Preservation and Further Study
Scientists are also working to save Polylepis forests by creating small, private reserves in remote places where existing stands retain the dynamics of the untouched ecosystem. But this effort is in its infancy. Prioritization of sites and regions for conservation should be based on several factors, including ecological value and the extent to which they are at risk. Rating ecological value of existing forests is tricky, however, as there are many components involved. Sites harboring greater levels of biodiversity should be a major priority, and among those, sites with the highest number of rare endemic species should be protected first.
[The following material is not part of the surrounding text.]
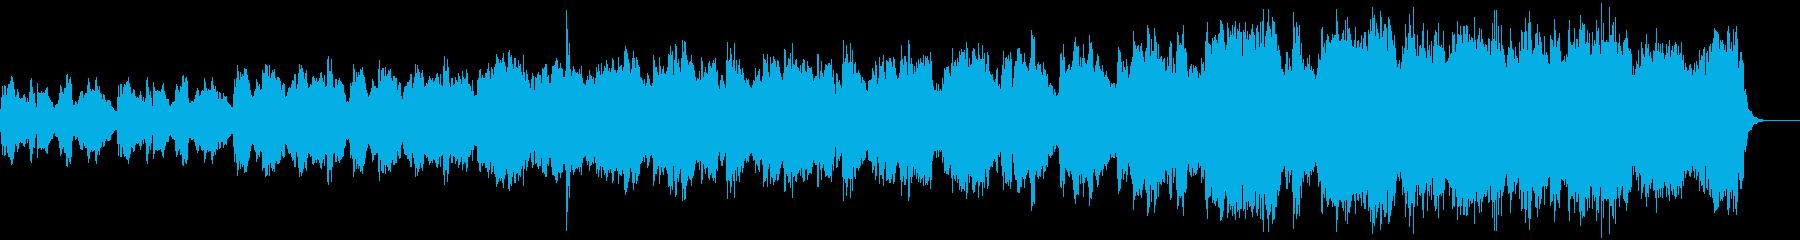 幻想的な印象のコーラスとハープの再生済みの波形

Jon Fjeldså documents seven of these “centers of endemism” based on spatial analysis of bird ranges, and these regions in Ecuador, Peru, Bolivia and Argentina should be early targets of conservation efforts.
Finally, more research is needed into the ecology of Polylepis-specialist birds, particularly the sizes and spatial arrangements of forest fragments necessary to support viable populations. Knowing more about the needs of the animals and ecosystem that we are trying to protect will make conservation plans more effective.
We believe that the time, effort and resources needed to conserve Polylepis are well worth the investment. Polylepis is one of only two tree genera in the world that have adapted to grow at elevations of up to 5,000 meters above sea level (the other is Juniperus in Tibet, where it is similarly threatened). Further, many of the fascinating characteristics of the evolution and the ecology of queñua are not fully understood and are likely to provide further information of ecological importance. Polylepis systems have also evolved a rich endemic fauna, which will be lost with the destruction of their habitat. Finally, scientific interests aside, Polylepis has served and continues to serve as an indispensable resource to rural people.